One of the principal neuronal systems involved in processing reward information appears to be the dopamine system.
What have behavioural studies shown about DA in the brain?
Behavioral studies show that dopamine projections to the striatum and frontal cortex play a central role in mediating the effects of rewards on approach behavior and learning. These results are derived from selective lesions of different components of dopamine systems, systemic and intracerebral administration of direct and indirect dopamine receptor agonist and antagonist drugs, electrical self-stimulation, and self-administration of major drugs of abuse, such as cocaine, amphetamine, opiates, alcohol, and nicotine (Di Chiara, 1995; Wise et al., 1978).
What studies have been done on impaired DA transmission?
Many studies have also investigated the behavior of animals with impaired dopamine neurotransmission after local or systemic application of dopamine receptor antagonists or destruction of dopamine axons in ventral midbrain, nucleus accumbens, or striatum.
What have studies of impaired DA transmission shown?
Besides observing locomotor and cognitive deficits reminiscent of Parkinsonism, these studies revealed impairments in the processing of reward information. The earliest studies argued for deficits in the subjective, hedonic perception of rewards (Wise 1982; Wise et al. 1978). Further experimentation revealed impaired use of primary rewards and conditioned appetitive stimuli for approach and consummatory behavior (Beninger et al. 1987; Ettenberg 1989; Miller et al. 1990; Salamone 1987; Ungerstedt 1971; Wise and Colle 1984; Wise and Rompre 1989).

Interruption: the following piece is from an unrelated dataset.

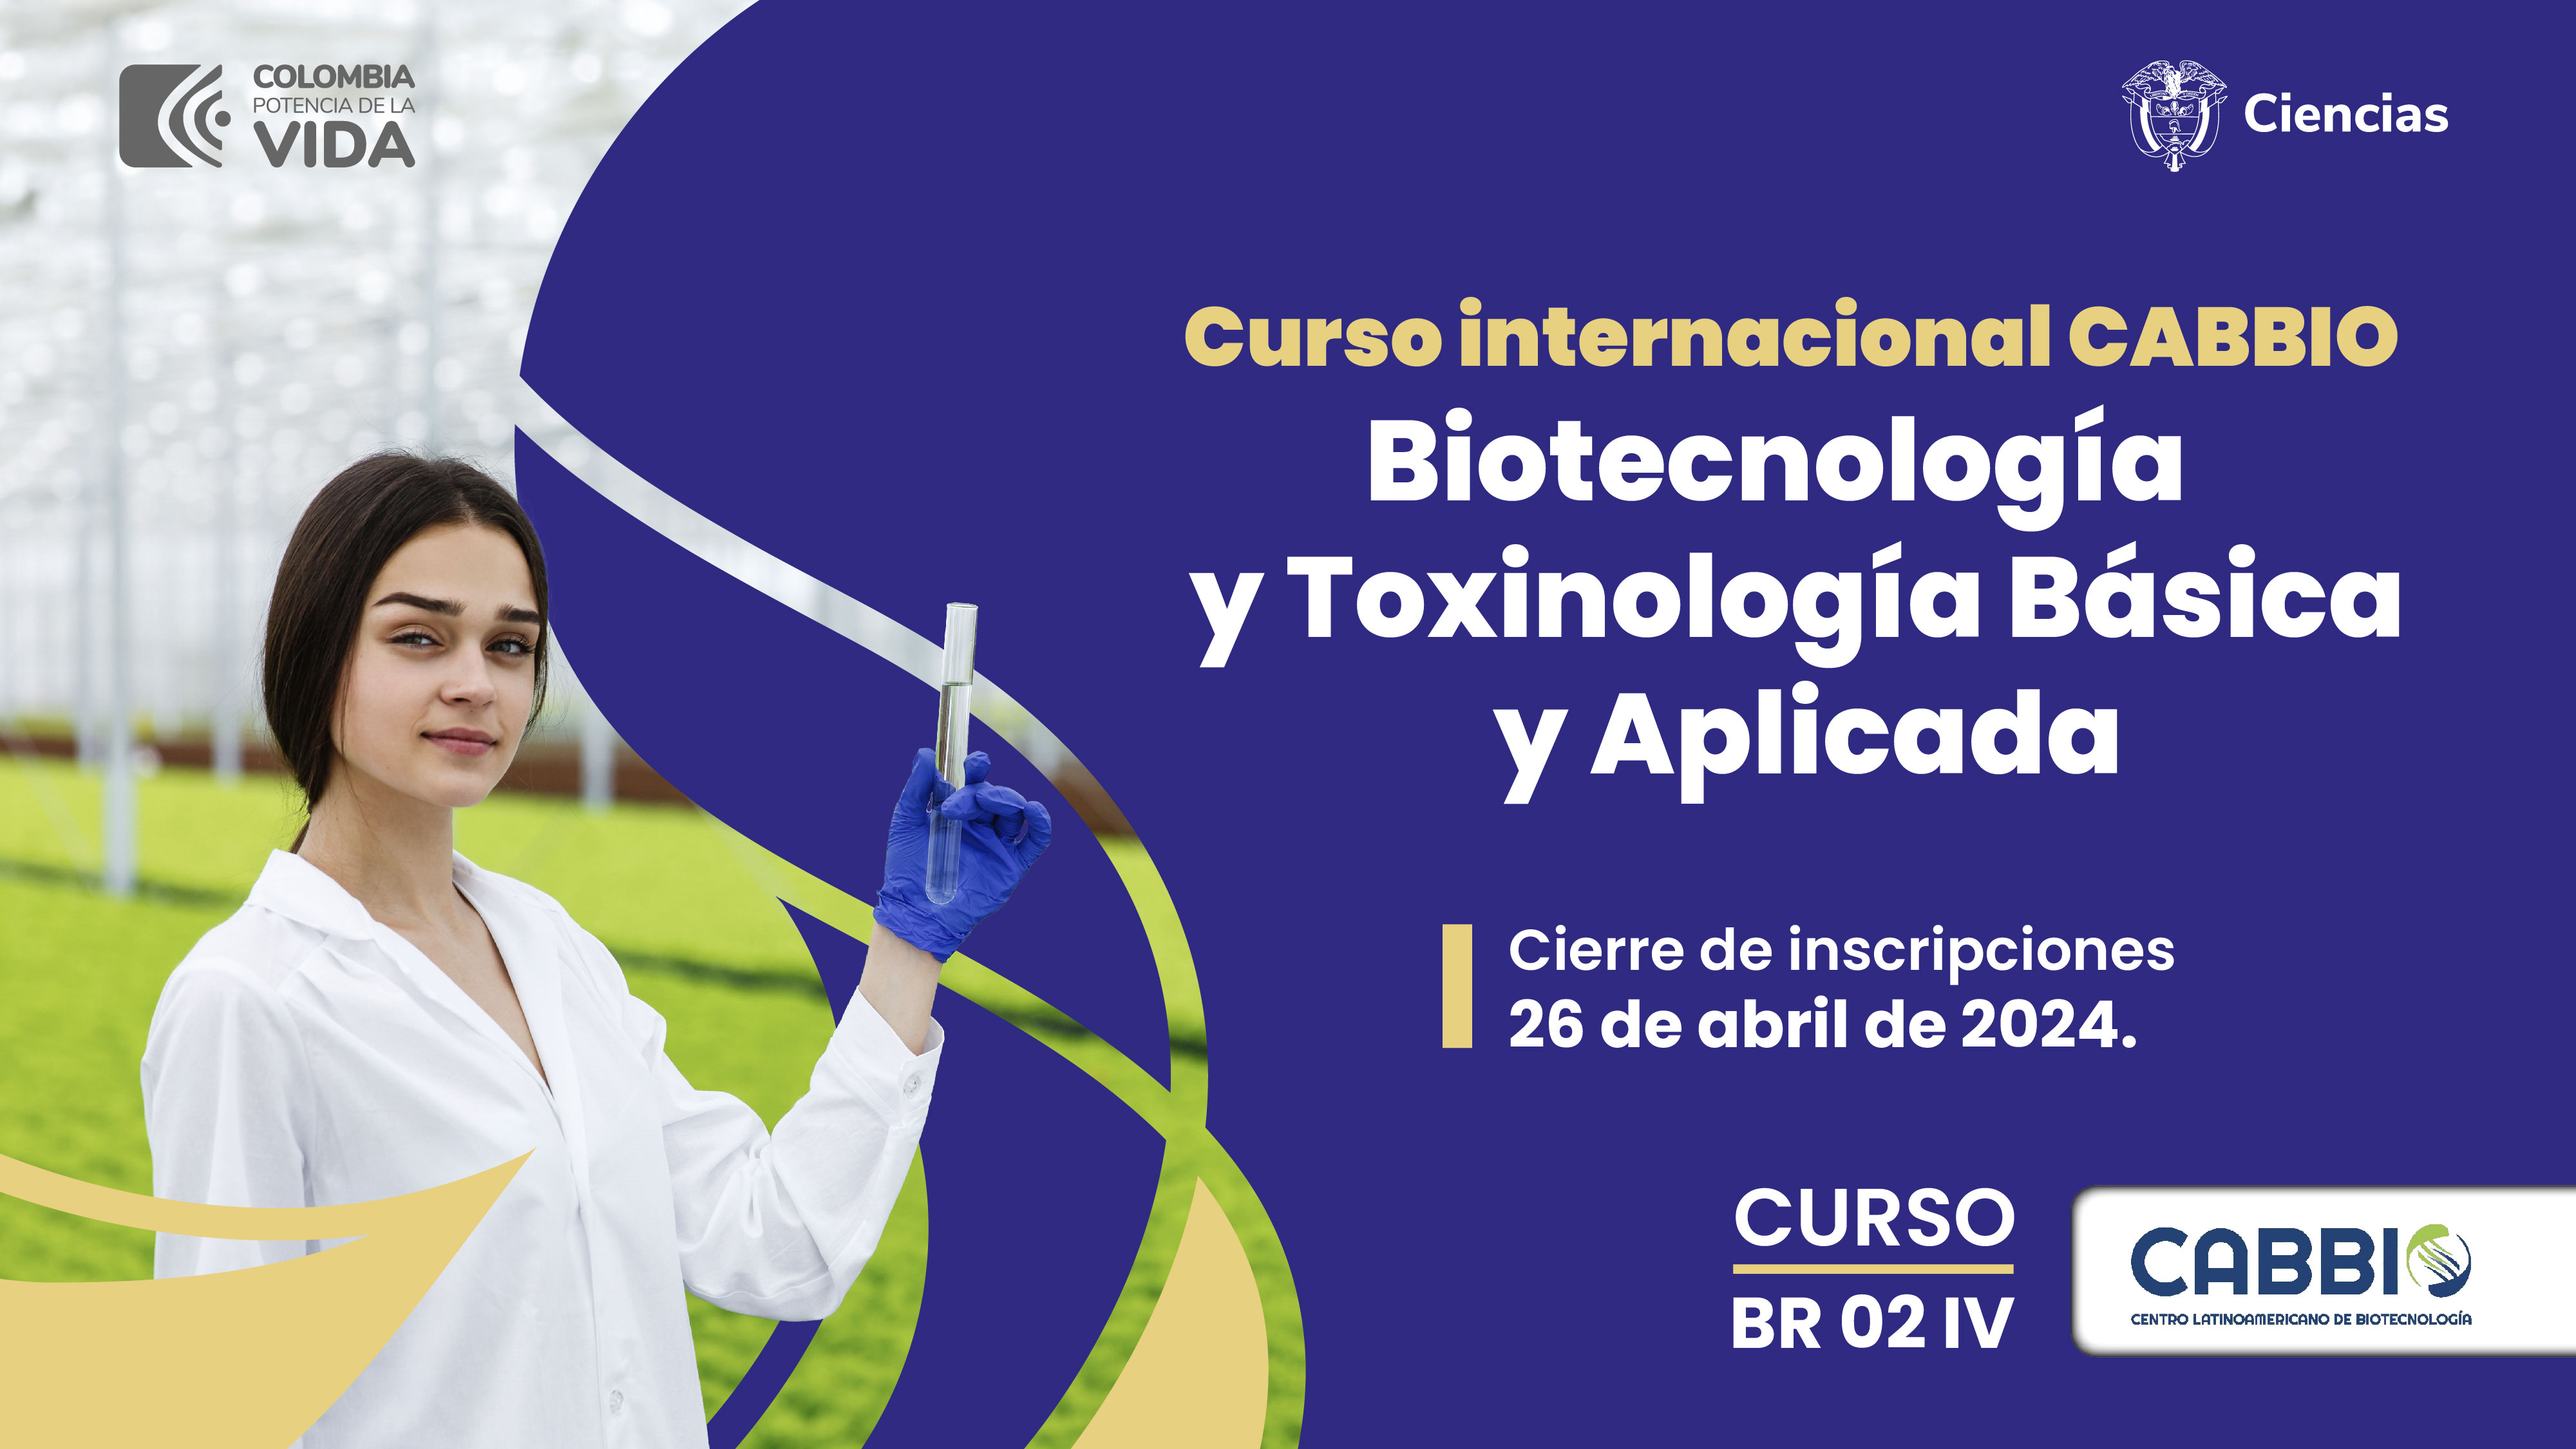 Nuevo curso virtual de Biotecnología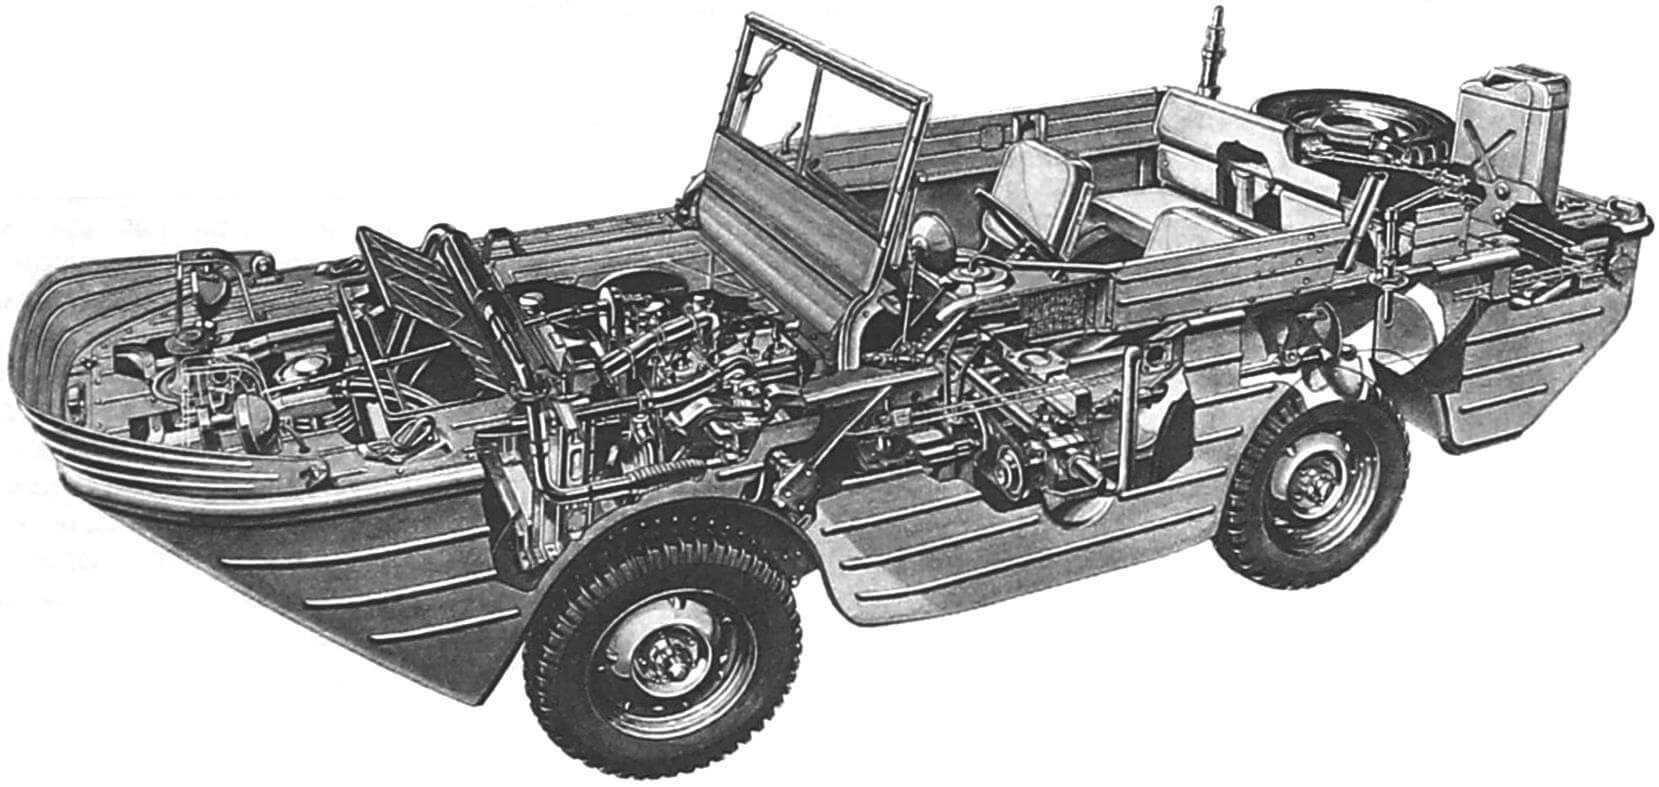 Компоновка автомобиля Ford GPA. По такой же схеме выполнены советские послевоенные амфибии и современные машины китайского производства

Why do the properties of DA neurons suggest they are involved in reward prediction?
About 75% of dopamine neurons show phasic activations when animals touch a small morsel of hidden food during exploratory movements in the absence of other phasic stimuli, without being activated by the movement itself (Romo and Schultz 1990).
What do studies of DA show in behavioural paradigms?
Evidence from multiple behavioural paradigms suggests that dopamine provides basal ganglia target structures with phasic signals that convey a reward prediction error that can influence learning and action selection, particularly in stimulus-driven habitual instrumental behavior (Barto, 1995; Schultz et al., 1997; Wickens & Kotter, 1995).
How might the temporal credit assignment equation relate to dopamine signalling?
delta (t) = DA signal
r(t) = actual reward
[V(t) - gamma V(t+1)] = predicted reward
What 2 factors indicate that prediction errors are used for learning?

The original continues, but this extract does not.